And here's the context that makes it sting: a 2026 Agentic AI Security Report surveying 300 enterprise leaders found 97% expect a material AI-agent-driven security incident within 12 months. Nearly half expect one within 6 months. But only 6% of security budgets are allocated to agent security.
97% expect disaster. 6% are funding defense. That's the gap.
If you're running CrewAI with Code Interpreter in anything resembling production, implement fail-closed configs today. If Docker isn't available, Code Interpreter shouldn't fall back to an unsandboxed runtime. Full stop. And if you're evaluating any agent framework, the question isn't "does it work?" It's "what happens when someone poisons the input?"

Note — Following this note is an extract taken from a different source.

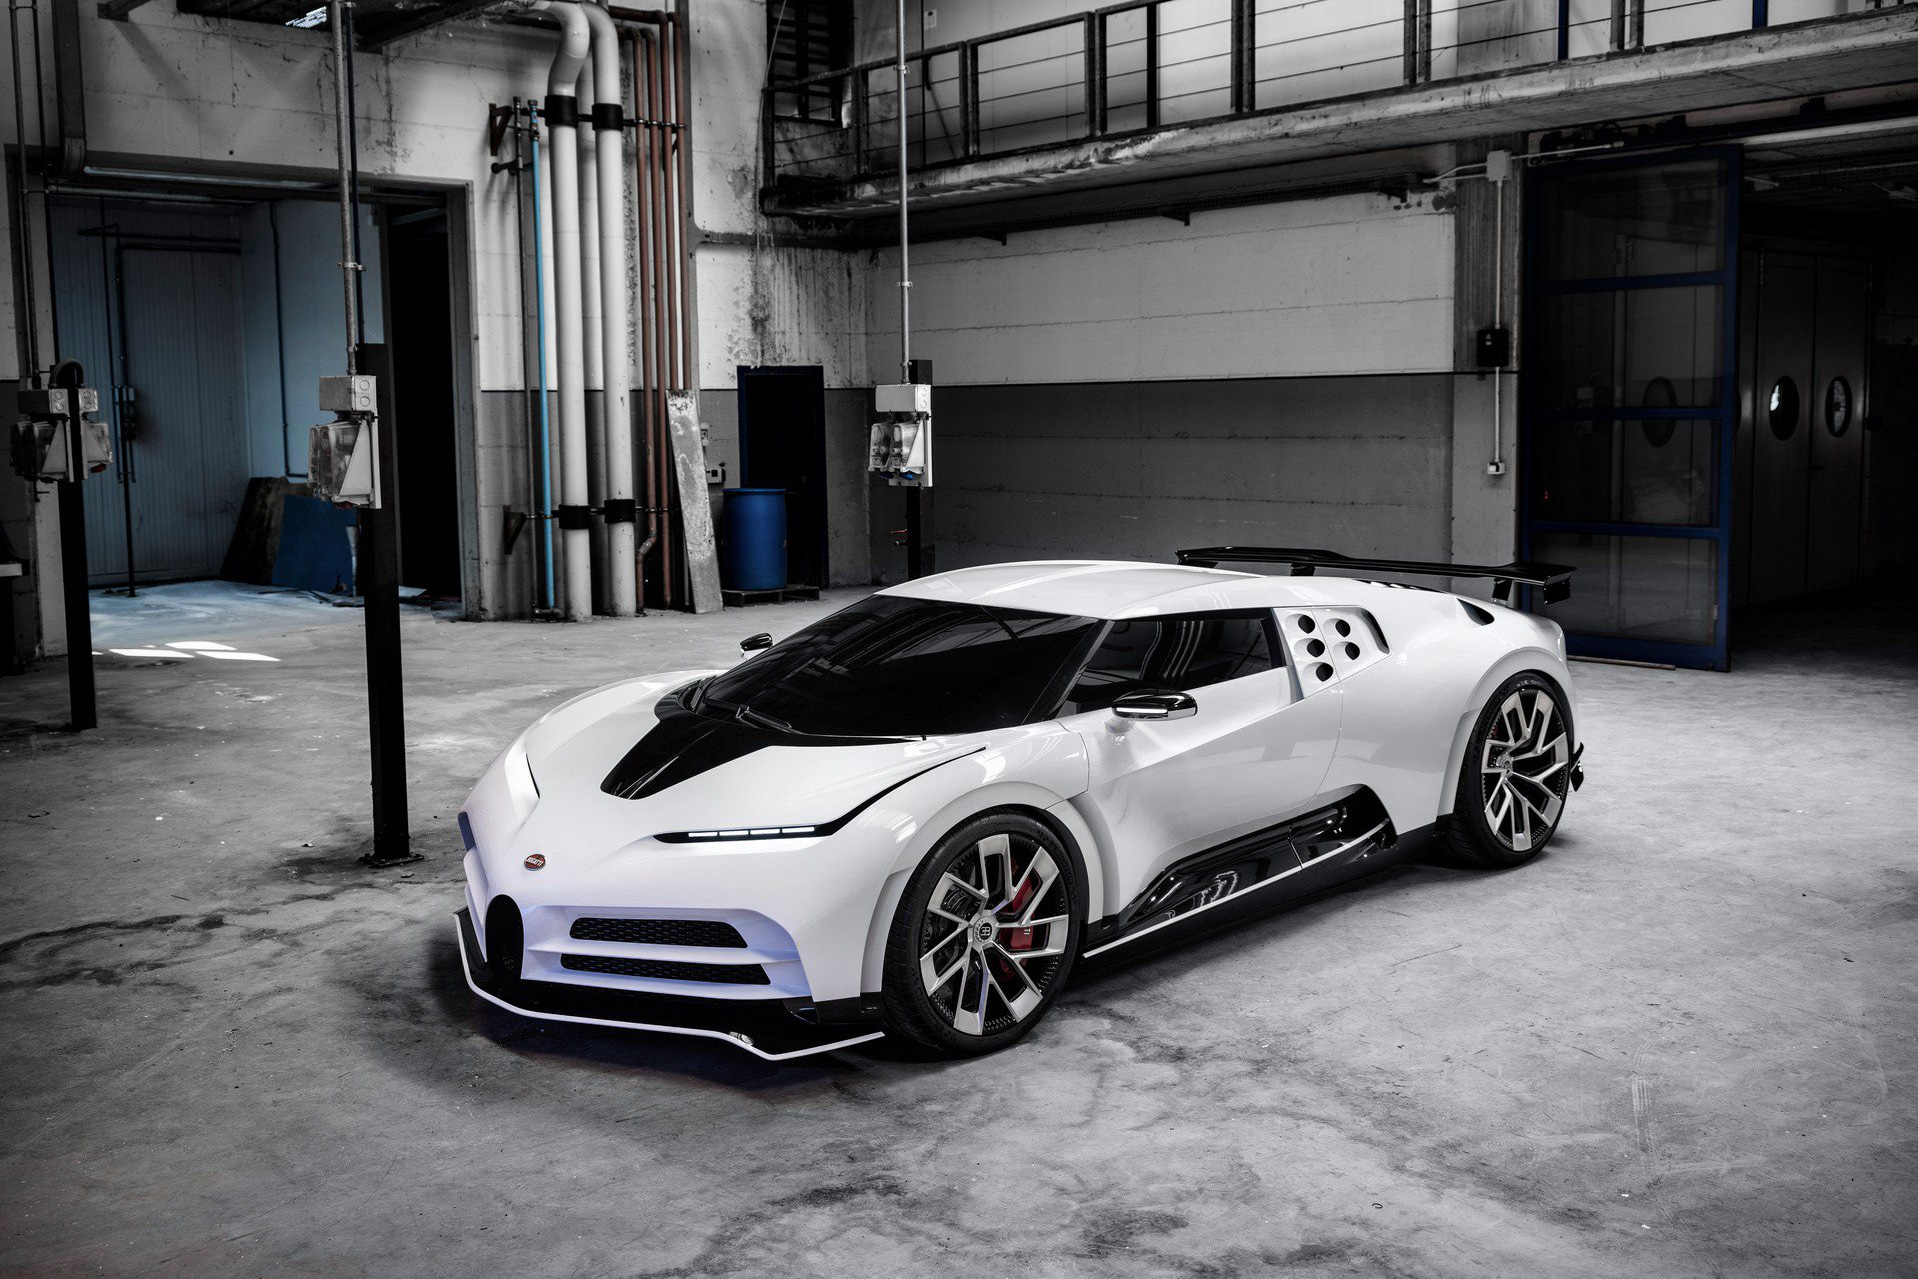 Khổ như đại gia mua Bugatti: Chi gần 10 triệu USD 'tậu' Centodieci sau 2 năm vẫn chưa nhận được xe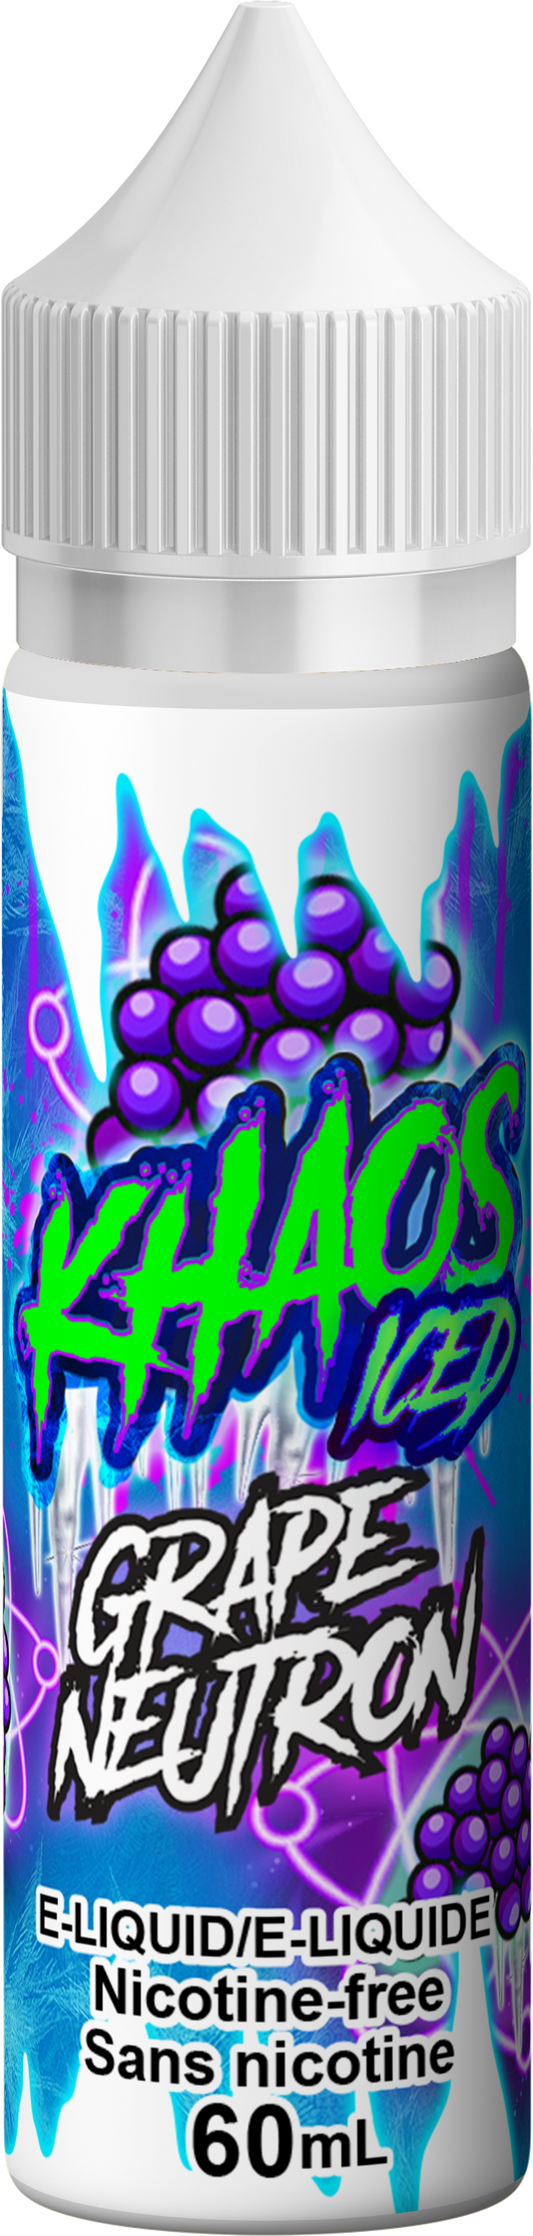 Khaos Iced - Grape Neutron

3. Nvidia's Blackwell Ultra Just Made Self-Hosted Inference a Real Option: 2.49M Tokens/Sec, 30 Cents Per Million
Nvidia set new MLPerf Inference v6.0 records on April 2 using four GB300 NVL72 systems (288 Blackwell Ultra GPUs) interconnected via Quantum-X800 InfiniBand. The headline number: 2.49 million tokens per second on DeepSeek-R1 in offline mode. That's the largest GPU configuration ever submitted to any MLPerf benchmark.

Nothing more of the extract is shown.